Overview

This guide will walk you through the steps of creating an AWS S3 integration with SDF to analyze world population data.

Guide to walking through the AWS S3 example

1

Create Hello World S3 Workspace from Example

Begin by running the following command to create an SDF workspace from the example hello_world_s3.

sdf new --sample hello_world_s3 && cd hello_world_s3

This command will generate a new workspace containing a two environments - one configured to run data locally, the other configured to pull data down from an SDF-hosted public S3 bucket s3://sdf-datasets.

The project structure looks like this:

. ├── local │   ├── pop.csv │   ├── popdata.sql │   └── world_metrics.sql ├── remote │   ├── q1.sql │   └── un_pop_data.sql └── workspace.sdf.yml

2 directories, 6 files

2

Build using local population data

To start, let’s run the queries on the local CSV data packaged into the sample. To do this, we can use the local environment defined in the workspace.sdf.yml.

The local environment is configured to run the queries on the pop.csv file in the local directory.
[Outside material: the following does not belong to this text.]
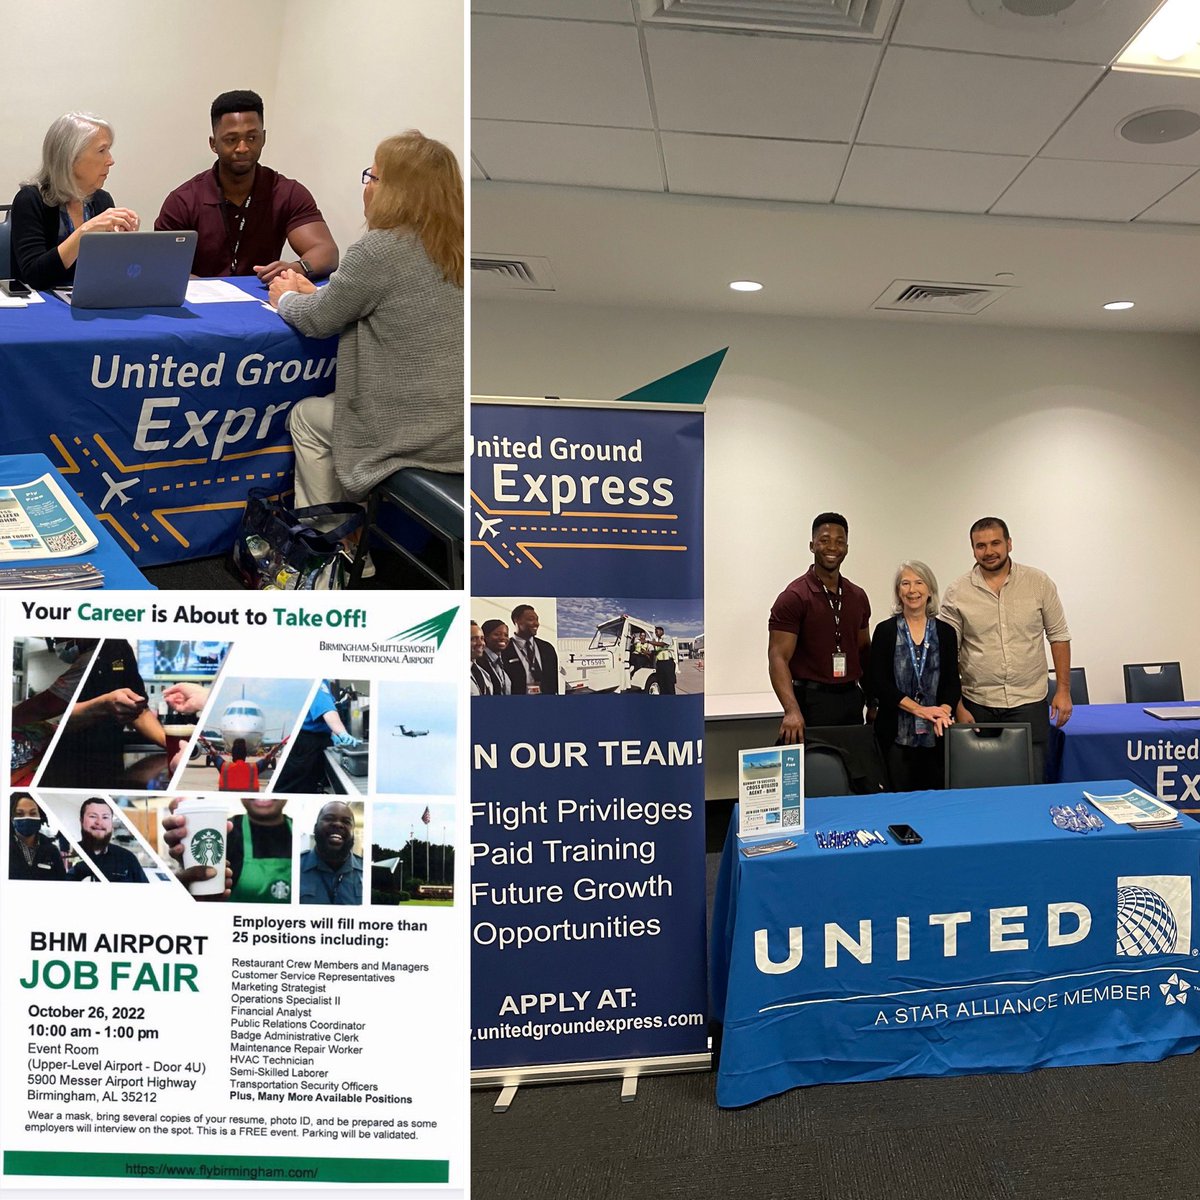 Your career is about to Take OFF ✈️ Join our Recruiting & AO Teams at the BHM Hiring event 💙 Teamwork makes the dreamwork! 🤍 #onthespotoffers #recruitingwithheart #weareUGE

Let’s run our queries to get a sense for the data we’re working with.

sdf run --show all

Working set 2 model files, 1 .sdf file     Running hello_world.pub.popdata (./local/popdata.sql)     Warning hello_world.pub.popdata attempting to execute Trino, local execution is currently experimental     Running hello_world.pub.world_metrics (./local/world_metrics.sql)     Running hello_world.pub.world_metrics_1 (./local/world_metrics.sql)     Warning hello_world.pub.world_metrics attempting to execute Trino, local execution is currently experimental     Warning hello_world.pub.world_metrics_1 attempting to execute Trino, local execution is currently experimental    Finished 3 models [3 succeeded] in 0.842 secs

Table hello_world.pub.popdata ┌───────────────┬────────────┬─────────────┬────────────────────────────────┐ │ country       ┆ population ┆ date        ┆ source                         │ ╞═══════════════╪════════════╪═════════════╪════════════════════════════════╡ │ China         ┆ 1412600000 ┆ 31 Dec 2021 ┆ Official estimate              │ │ India         ┆ 1375586000 ┆ 1 Mar 2022  ┆ Official projection            │ │ United States ┆ 333329956  ┆ 5 Dec 2022  ┆ Population clock               │ │ Indonesia     ┆ 275773800  ┆ 1 Jul 2022  ┆ Official estimate              │ │ Pakistan      ┆ 235825000  ┆ 1 Jul 2022  ┆ UN projection                  │ │ Nigeria       ┆ 218541000  ┆ 1 Jul 2022  ┆ UN projection                  │ │ Brazil        ┆ 215486475  ┆ 7 Dec 2022  ┆ National population clock      │ │ Bangladesh    ┆ 165158616  ┆ 15 Jun 2022 ┆ 2022 preliminary census result │ │ Russia        ┆ 145100000  ┆ 1 Sep 2022  ┆ Official estimate              │ │ Mexico        ┆ 128533664  ┆ 30 Jun 2022 ┆ National quarterly estimate    │ └───────────────┴────────────┴─────────────┴────────────────────────────────┘ 241 rows, showing only 10 rows.   Run with —limit 0 to show all rows.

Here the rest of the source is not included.